La masse d’informations recueillies en très peu de temps sur ces prévenus jugés en comparution immédiate est étonnante par sa densité. La multiplicité des déplacements des trois « passeurs »  jugés ce 21 septembre est sidérante. L’un d’eux réside à Alicante ; durant l’été,  il a sillonné la France du nord au sud, dans un triangle Lille-Marseille-Toulouse.

Les prévenus reconnaissent très partiellement les faits. Ils le font avec une extrême réticence, jusqu’à se perdre et quelquefois se trahir dans la confusion de leurs propos. Les constats avérés ressemblent à la seule partie visible d’un iceberg dont on ne connait pas finalement la véritable dimension (une discussion sur WhatsApp de l’un des prévenus semble faire état du passage d’un groupe de jeunes par la montagne).

Avec la reconnaissance à minima des faits par les prévenus, avec la difficulté de s’assurer de la véracité de leurs déclarations (souvent contredites par les clandestins acheminés), les juges sont aussi confrontés au fait que les propos mensongers ne sont pas punis par la loi. Ils doivent en démêler l’écheveau qui ressemble à un nœud gordien.

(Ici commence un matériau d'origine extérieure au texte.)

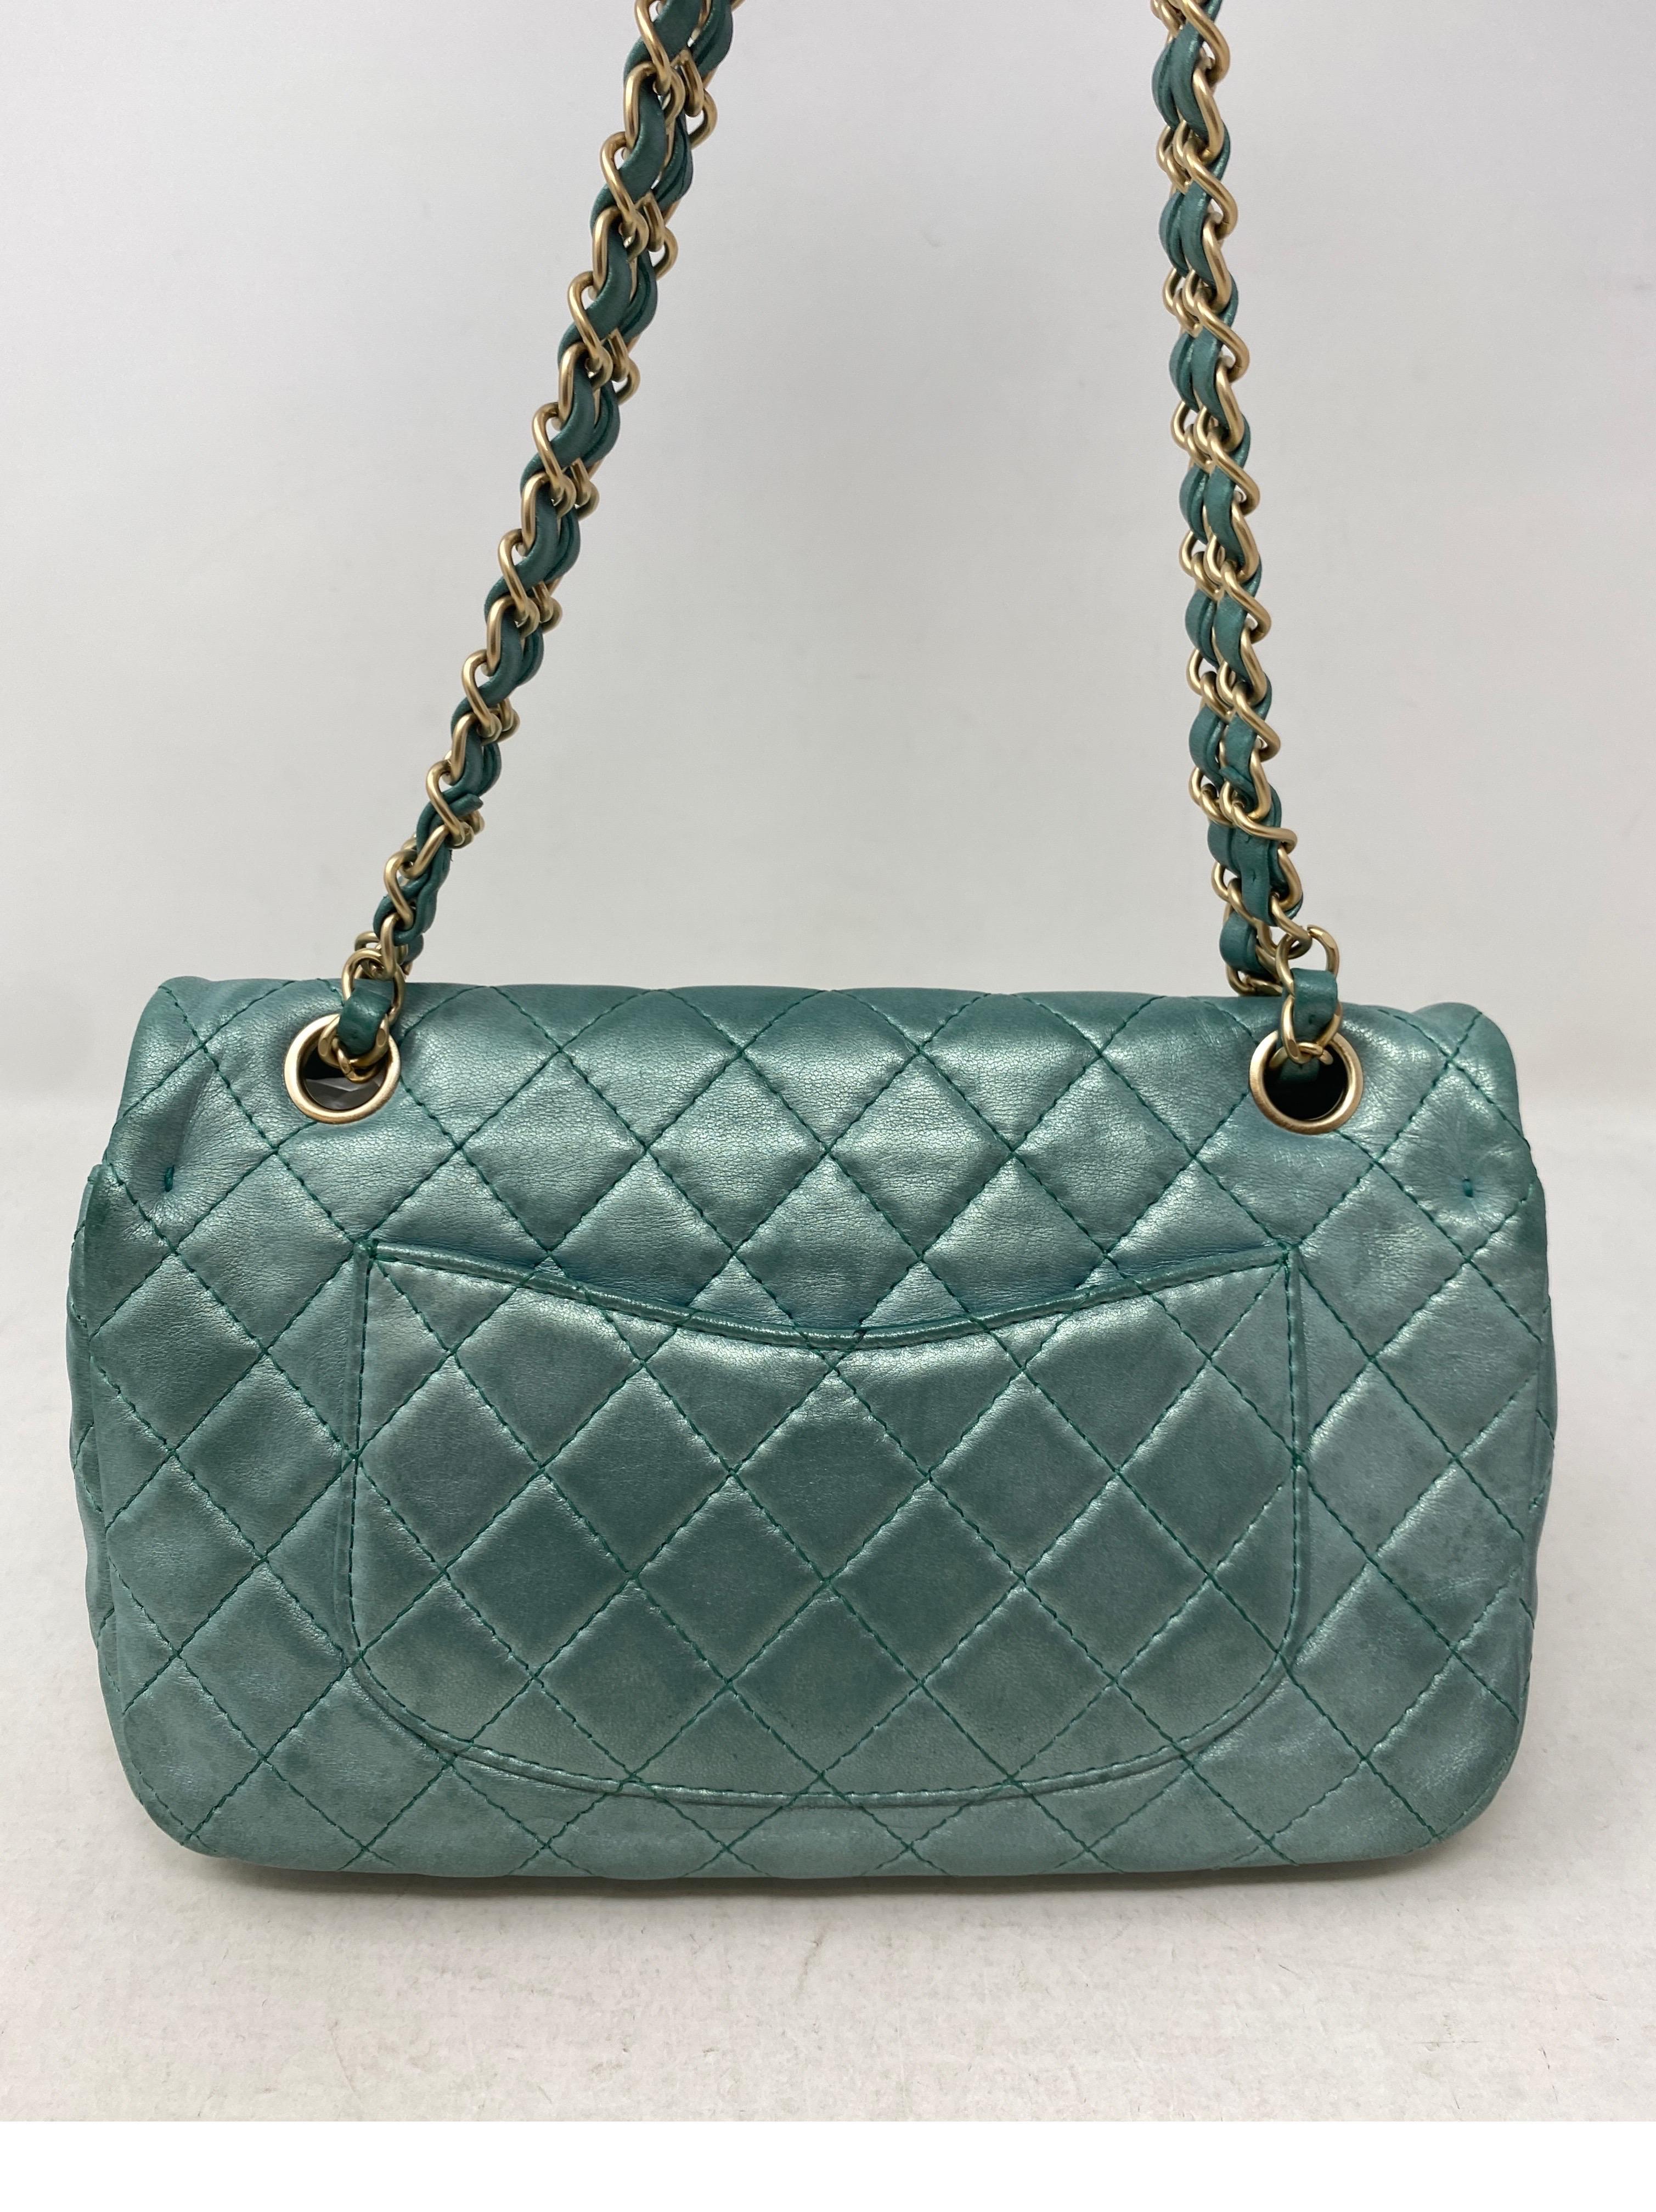 Women's or Men's Chanel Teal Jeweled Bag

Au regard de « la gravité des faits », trafic d’êtres humains et/ou exploitation de la détresse humaine, les peines pourraient sembler dérisoires si les passeurs eux-mêmes n’étaient pas aussi des victimes probablement manipulées par un système qui les dépasse et exploite leur propre misère. Ce qui n’excuse en rien leur complicité.